何も無い部屋の筈だったのだがいつの間にか幾つか荷物が。
後で見る事にしよう。
「よし、着いたぞ」
「良い部屋」
「へえ、こんな風になってるのね」
「いい部屋か?」
「良い部屋。物語の始まりの基本的な物」
「そ、そうか…」
アリスのテンションの基準がわからんな。
アリサも興味深そうに見回している。
「それで、下に行くにはどうするの?」
「ああ、そこの蓋を開けて飛び降りたら俺の部屋だ」
「……結局飛び降りるのね」
「そこまで高くないからな?」
「だと良いわね」
「アリサもミツさんに挨拶するの?」
「私が会っても良いのかしら。タテヤはどう?」
「まあ構わんだろう。昨日会ってるし」
「もし私が情報を漏らしたら?」
「怒る」
「それだけ?」
「それだけ」
「もしヨミが集めたメンバーじゃなかったら?」
「笑顔になる」
「それは怖いわね」
「……」
「どうしたの?」
「ツッコミが欲しかったんだ…」
「あ」
「タテ兄の笑顔は独特だから」
「フォローになってないぜアリス…」
自爆しながらも下に降りる。
実際は下の部屋に梯子がありそれを使うのだが今回は飛び降りると言う事で。
最初にアリサが降りて次に俺が降りる。最後のアリスが飛び降りるのをキャッチする。
それを見たアリサが「なんで思いつかなかったんだろう…」と言っていたがそこは許して欲しい。

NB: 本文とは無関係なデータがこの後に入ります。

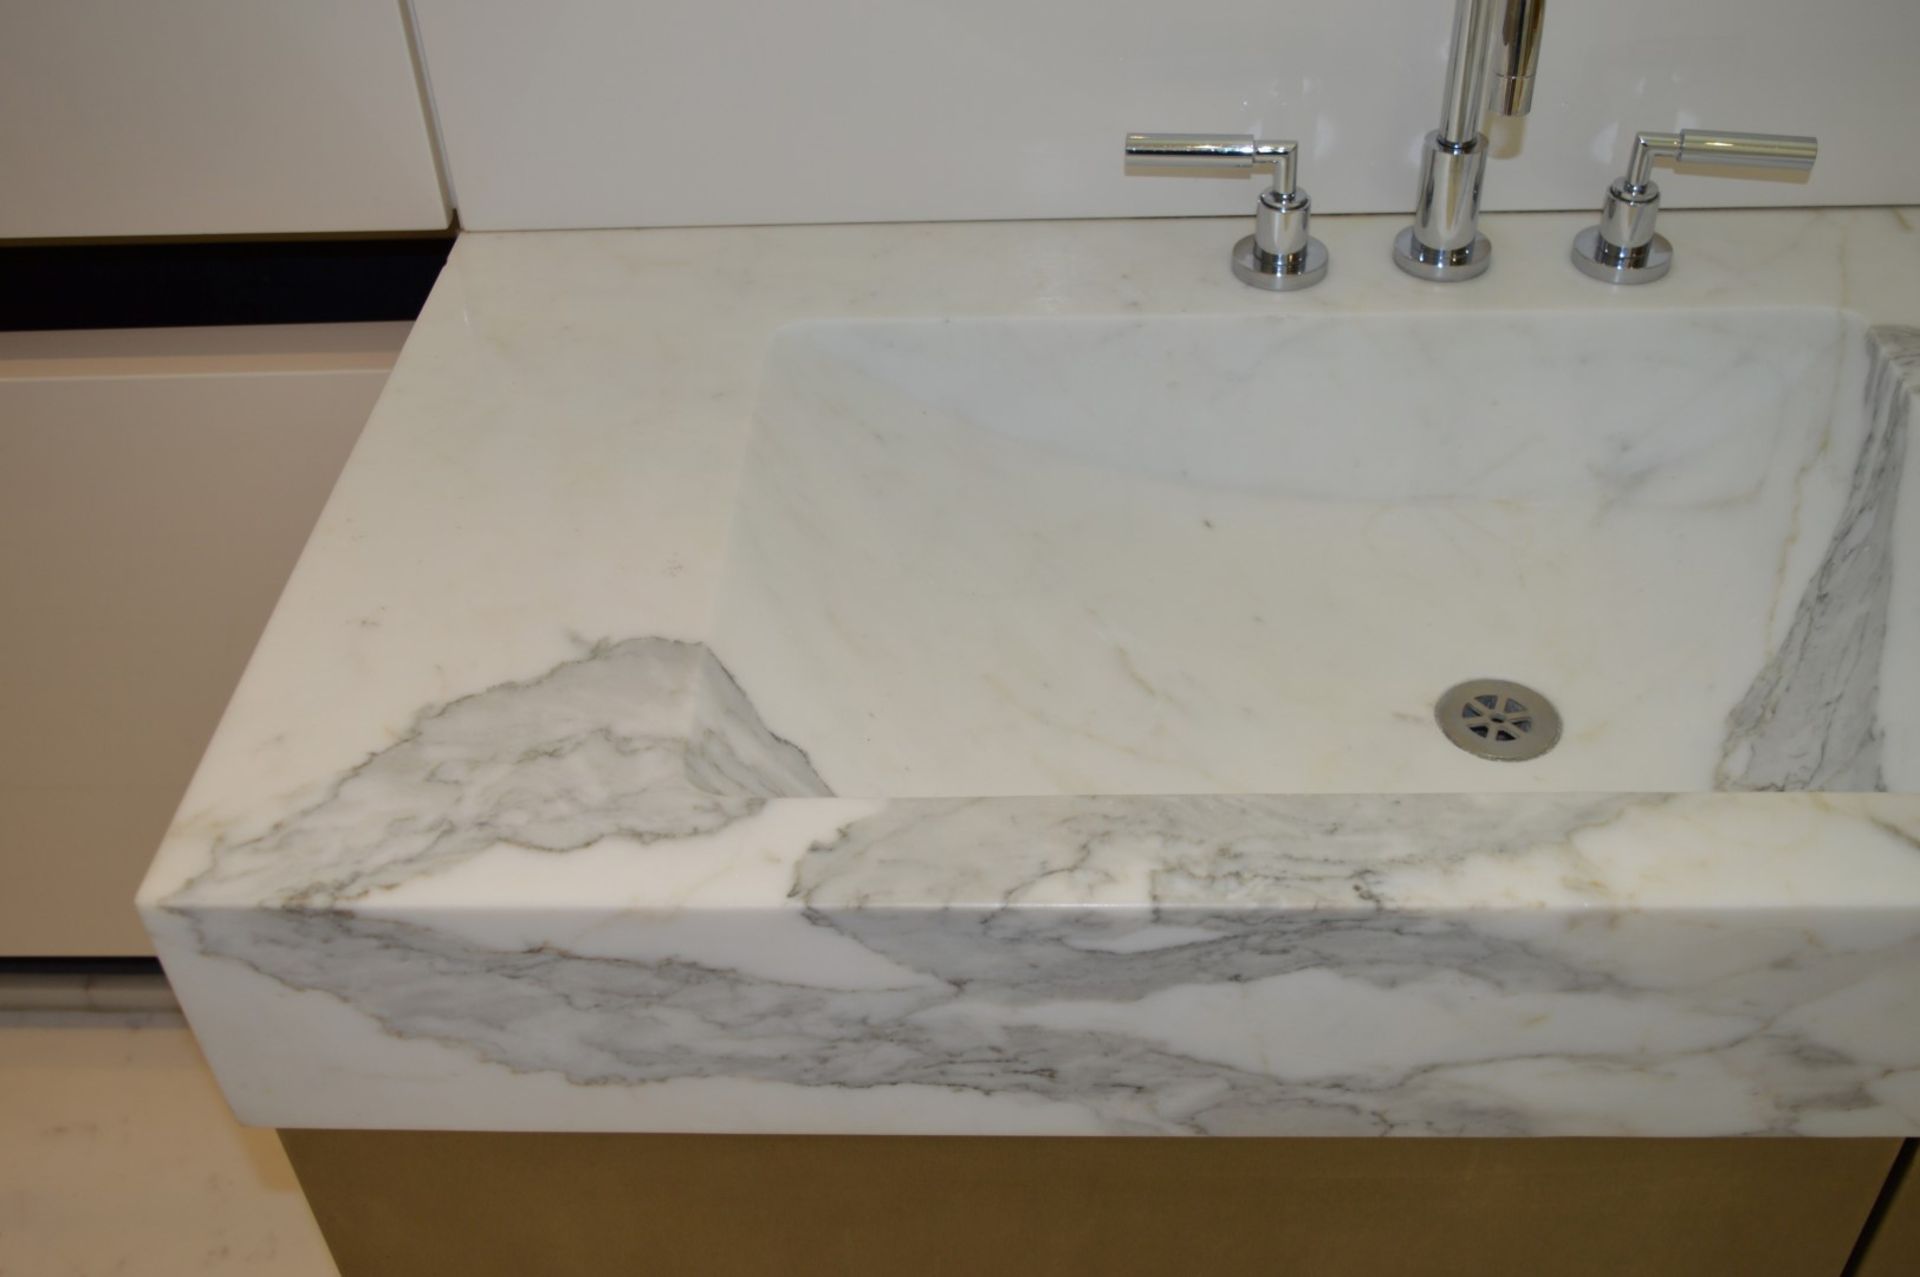 1 x Bespoke His & Hers Marble Bathroom Vanity Unit - Exquisite 7ft Twin Marble Sink Basin With Two - Image 20 of 25
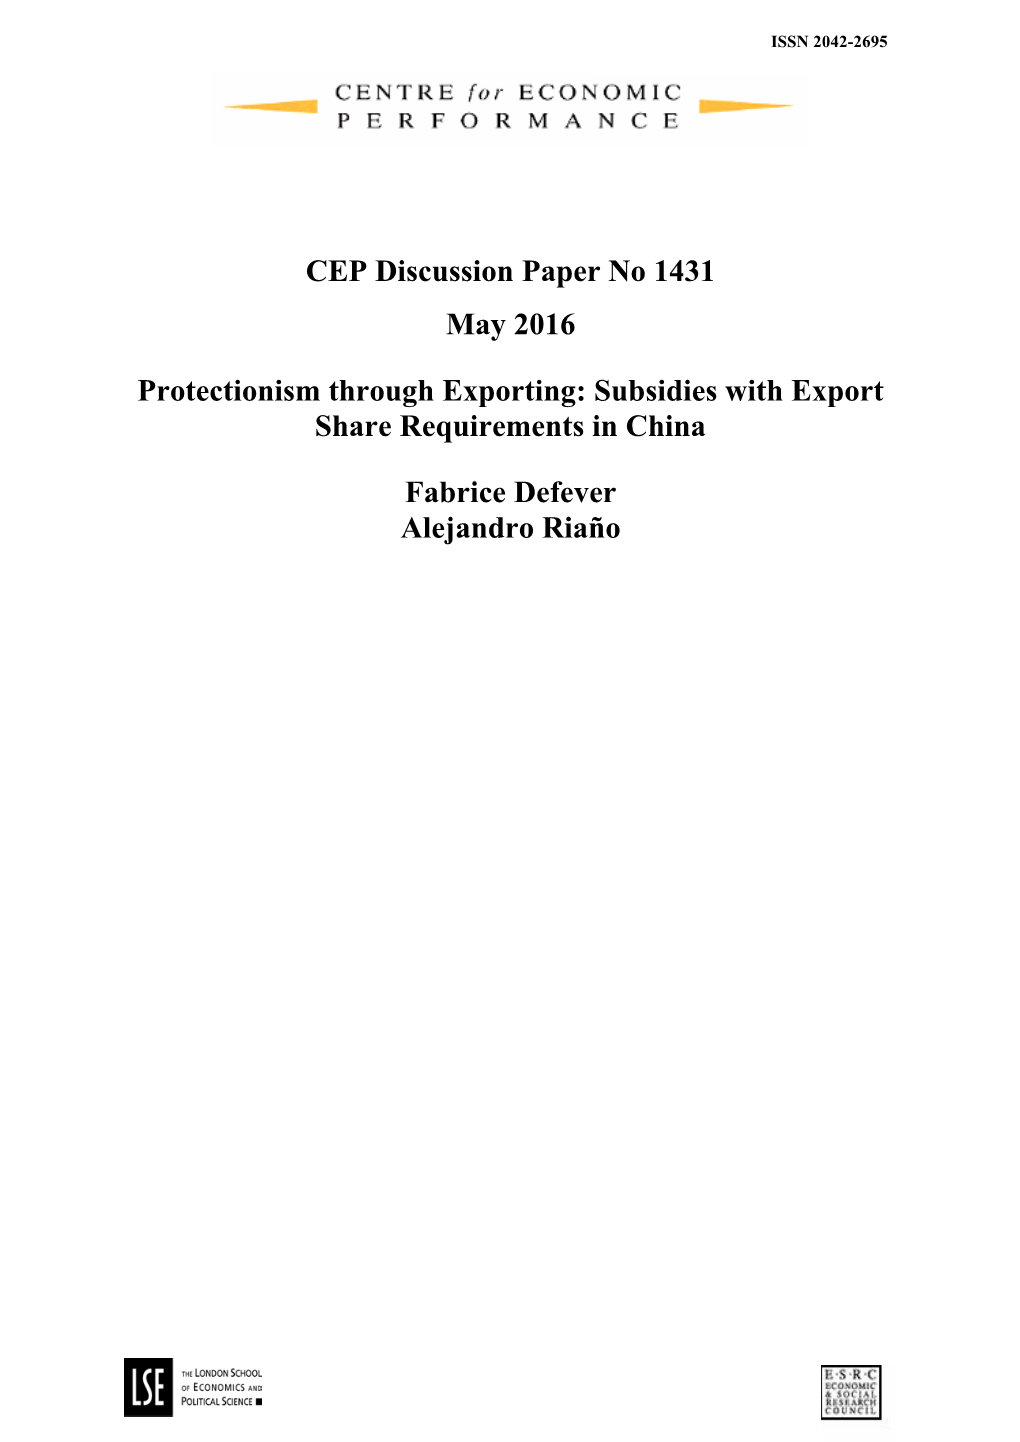 CEP Discussion Paper No 1431 May 2016 Protectionism Through

そうして扉を開けた所でソファーに見えるはいつもより若干にこにこが少ないライアさんとこちらに対して半目を向けているミツさんの姿。
威圧感が凄いです。
[タテヤ様、説明をして頂けますか?]
「すいませんでした」
思わず腰を曲げた直角の礼をしました。
うん、やっぱり出かける時は帰宅時間を伝えるのも大事だね!
それとミツさん、左足直ってるように見えるんですけど。
注目しているとミツさんの声。
[勝手ながら今後のサポートの為に昨日の品々を使わせて頂きました]
「あっはい」
応急処置自分でされたんですね。
俺、要るのかな?
頑張ろう。
壁を走りました。
他の人達はよじ登ったり建物内の最上階から上がったりしています。